Throughout the centuries there have been many music clefs. We are concerned with the five (5) clefs seen most often in music of the modern period. These are the Treble Clef, Alto Clef, Tenor Clef and Bass Clef. The 5th clef is for instruments that don't produce defined pitches, such as drums and percussion.
Clefs are used to tell the musician what notes to play and in what octave. Without a variety of clefs, music would have to be written using lots of ledger lines (those telephone pole looking things). Clefs allow the music to sit mostly within the "staff" (the 5 lines that cross the page).
Each clef is shown with "Middle C" (The middle "C" on a piano keyboard)
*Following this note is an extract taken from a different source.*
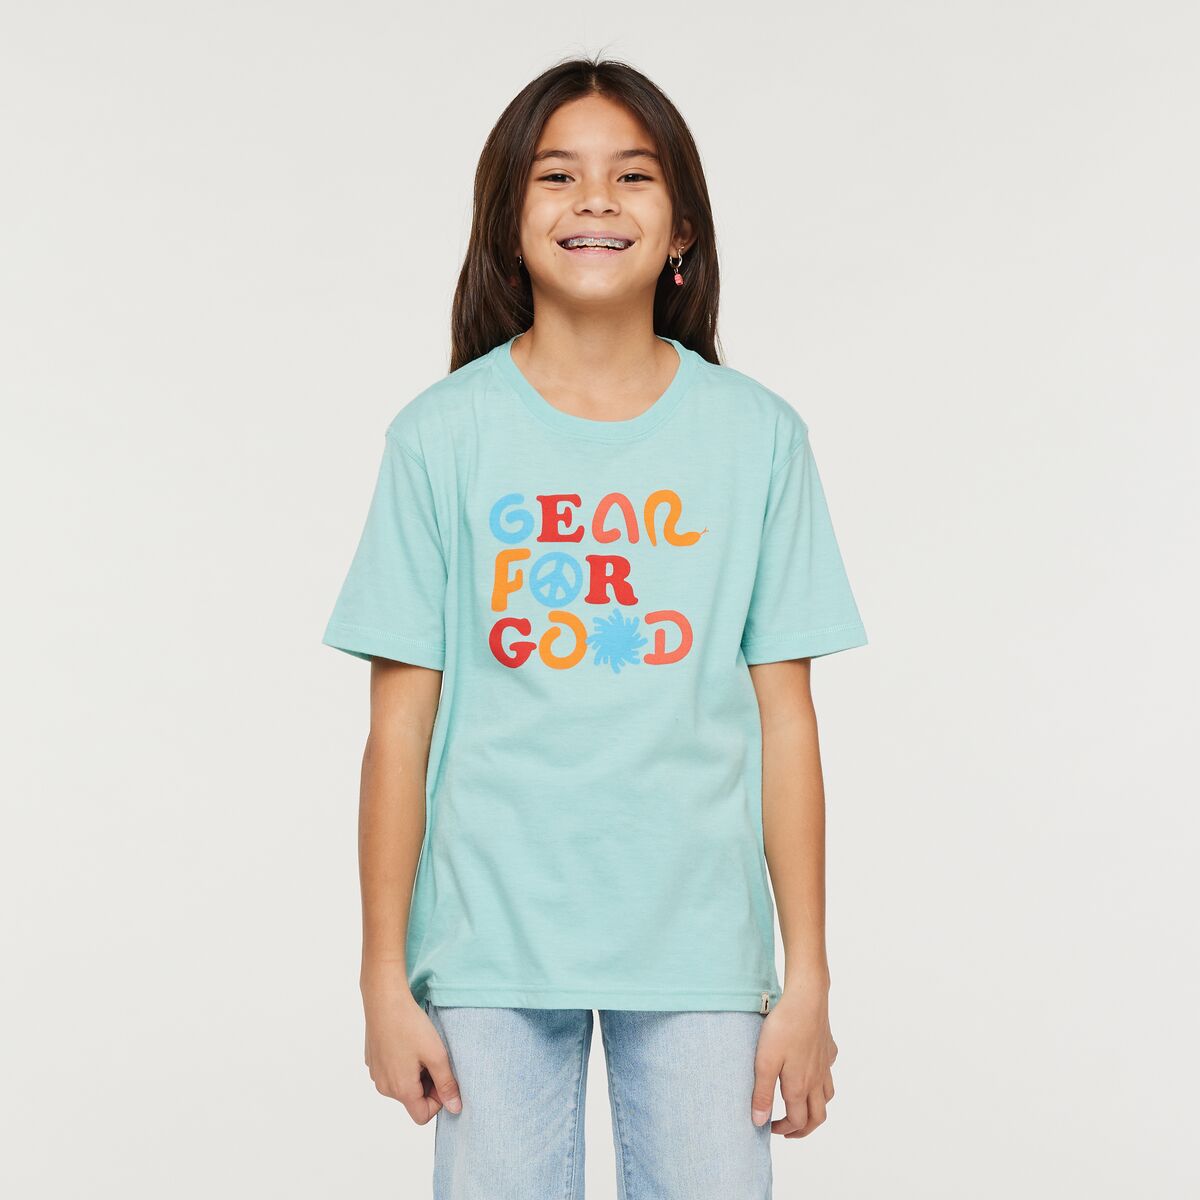 Kids&#39; Gear for Good T-Shirt

The Treble Clef (also known as the "G" clef) and the Bass Clef (also known as the "F" clef) are probably familiar to you. By far, these are the most commonly used clefs. Most instruments today use one or both of these clefs exclusively or at least primarily.
The other two clefs might look a bit strange if you have not seen them before. Both the Alto Clef and the Tenor Clef are known as "movable" clefs. Notice how they both use the same shape, but the clef appears in a different position on the staff. Notice how "Middle C" moves with the clefs as well, and how it appears where the two semi-circles come together. The Viola's primary clef is the Alto Clef. The Tenor Clef is used by certain instruments as they move into their upper registers to avoid overuse of ledger lines. Some instruments that might use the Tenor Clef are Cellos, Trombones and Bassoons.
The Percussion Clef: Clef used for instruments that don't produce defined pitches, such as drums or percussion.